Reputation: 3872
I am trying to use beautiful soup to parse html and find all href with a specific anchor tag
<a href="http://example.com">TEXT</a>
<a href="http://example.com/link">TEXT</a>
<a href="http://example.com/page">TEXT</a>
all the links I am looking for have the exact same anchor text, in this case TEXT. I am NOT looking for the word TEXT, I want to use the word TEXT to find all the different HREF.
For clarification looking for something similar to using the class to parse for the links
<a href="http://example.com" class="visible">TEXT</a>
<a href="http://example.com/link" class="visible">TEXT</a>
<a href="http://example.com/page" class="visible">TEXT</a>
and then using
findAll('a', 'visible')
except the HTML I am parsing doesn't have a class but always the same anchor text.
Upvotes: 24
Views: 58613
Reputation: 23011
Since BeautifulSoup 4.4.0, text=
parameter has been deprecated in favor of string=
. So to find all anchor tags with a specific text, you can use the following:
[elm['href'] for elm in soup.find_all("a", string='TEXT')]
The above check filters tags where the string matches exactly.
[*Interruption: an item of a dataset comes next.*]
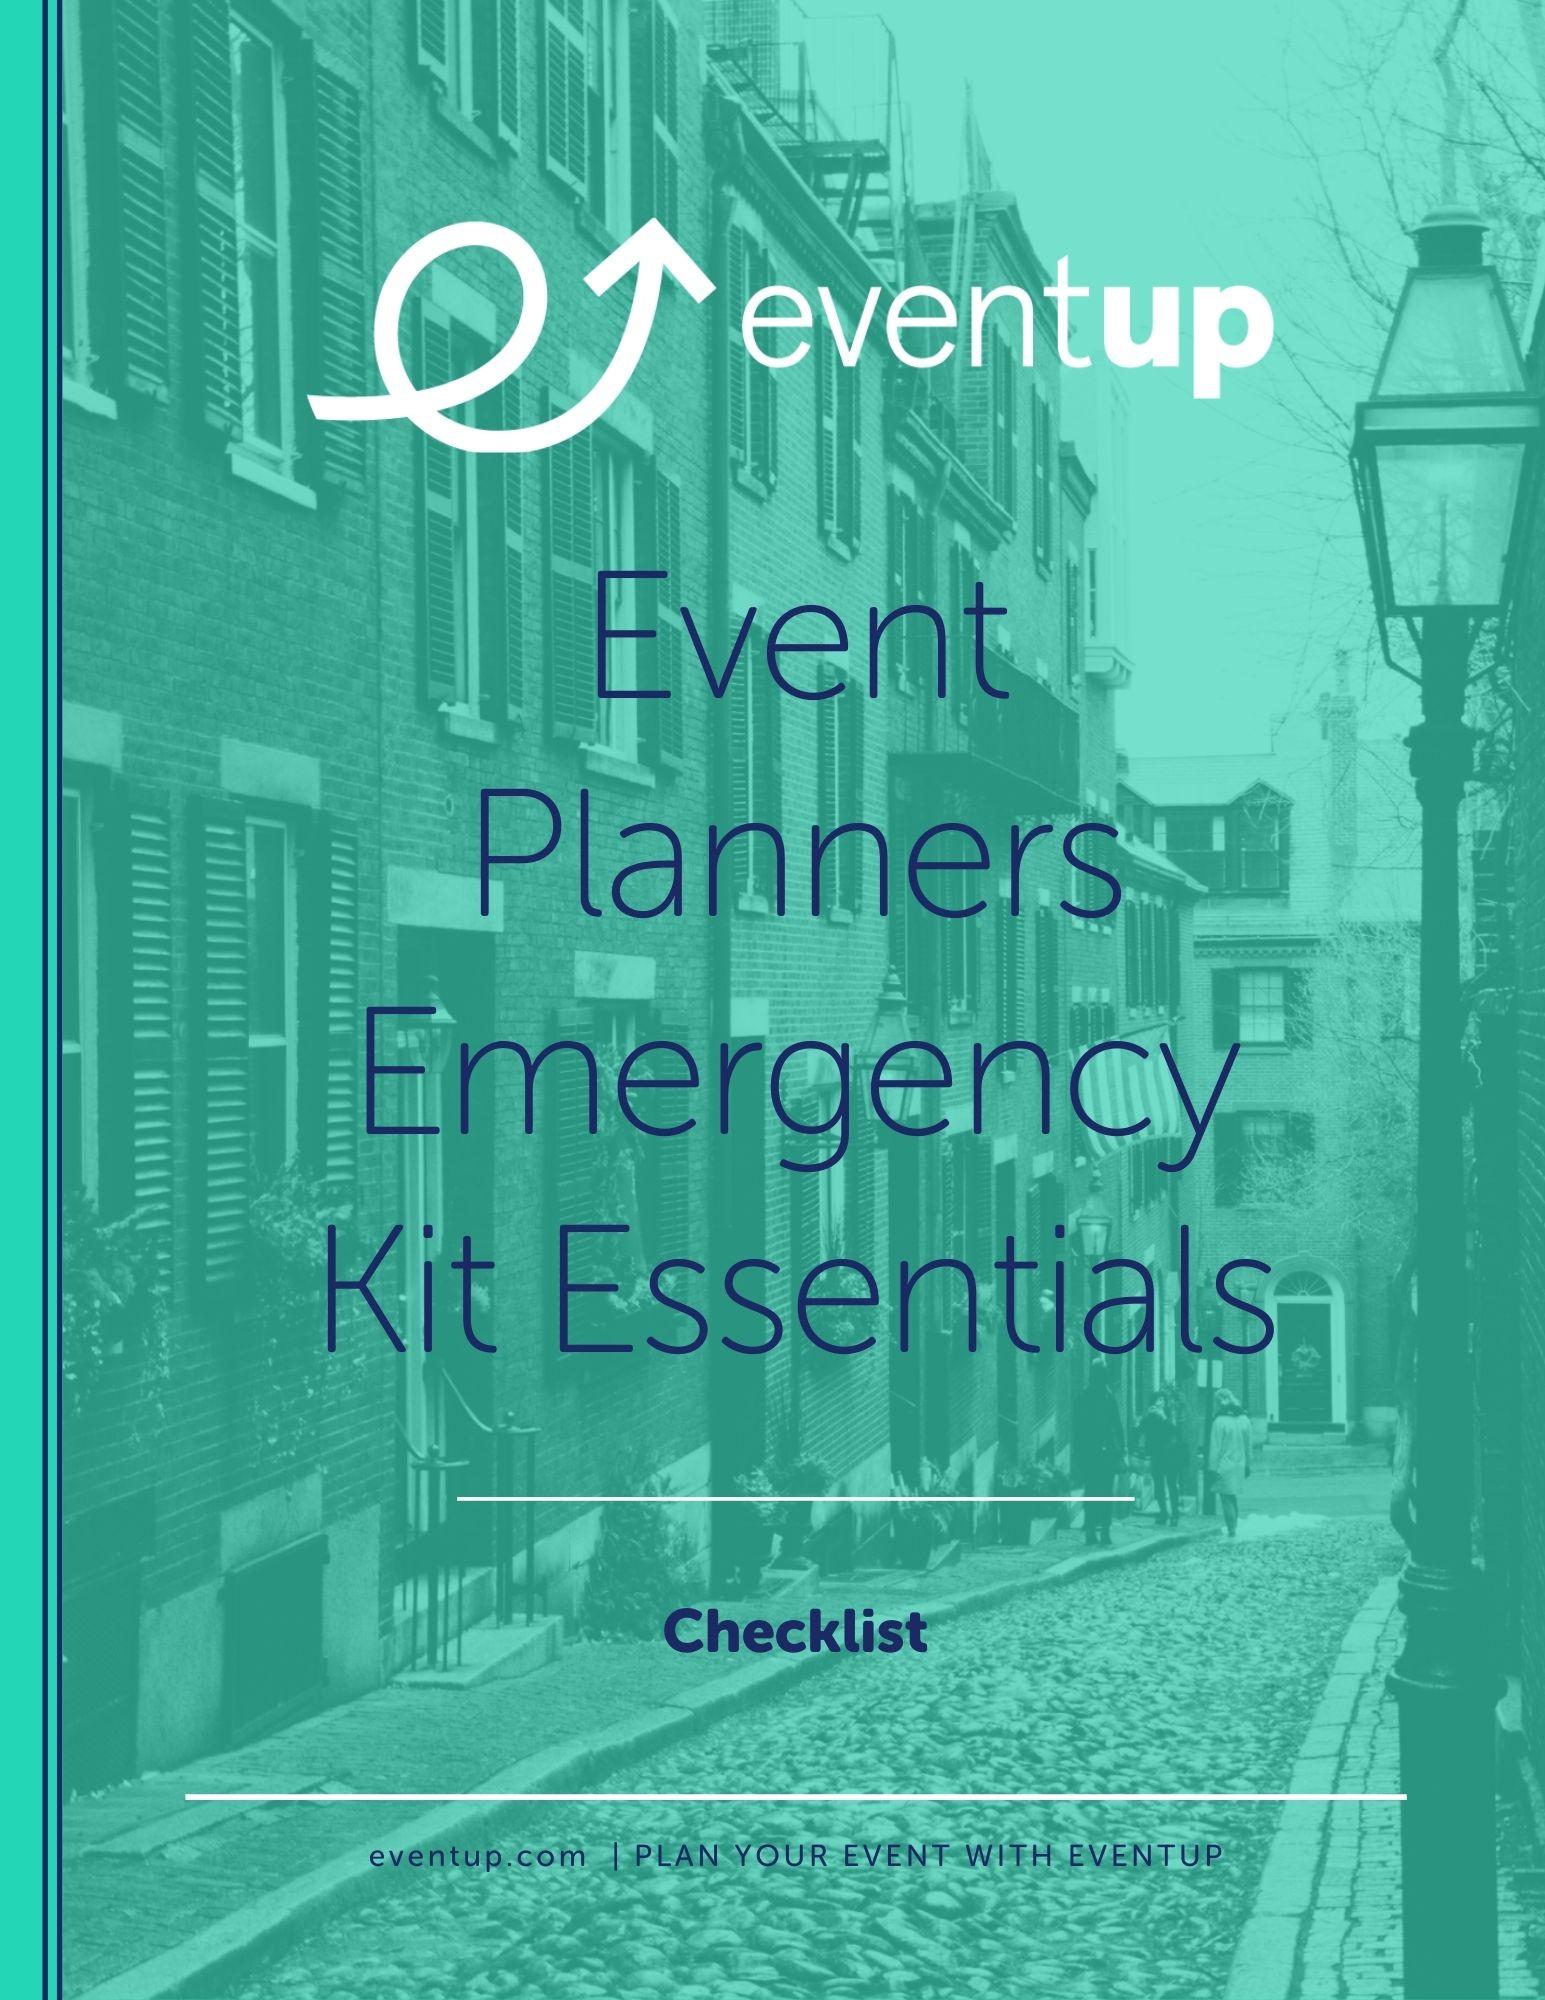 EventUp - Checklist - Event Planner Emergency Kit Essentials

If you have other conditions such as the anchor text has to start with a specific string, you can also pass regex or a function that filters for that:
# filter anchor tags whose text starts with `TEXT`
import re
[elm['href'] for elm in soup.find_all("a", string=re.compile("^TEXT"))]
# or a plain string check
[elm['href'] for elm in soup.find_all("a", string=lambda x: x.startswith('TEXT'))]
Finally, since .find_all
or .select
return a ResultSet object which is essentially a Python list, you can just filter its result using an if statement:
[elm['href'] for elm in soup.find_all("a") if elm.string == 'TEXT']
Upvotes: 1
Reputation: 37249
Would something like this work?
In [39]: from bs4 import BeautifulSoup
In [40]: s = """\
....: <a href="http://example.com">TEXT</a>
....: <a href="http://example.com/link">TEXT</a>
....: <a href="http://example.com/page">TEXT</a>
....: <a href="http://dontmatchme.com/page">WRONGTEXT</a>"""
In [41]: soup = BeautifulSoup(s)
In [42]: for link in soup.findAll('a', href=True, text='TEXT'):
....: print link['href']
....:
....:
http://example.com
http://example.com/link
http://example.com/page
Upvotes: 47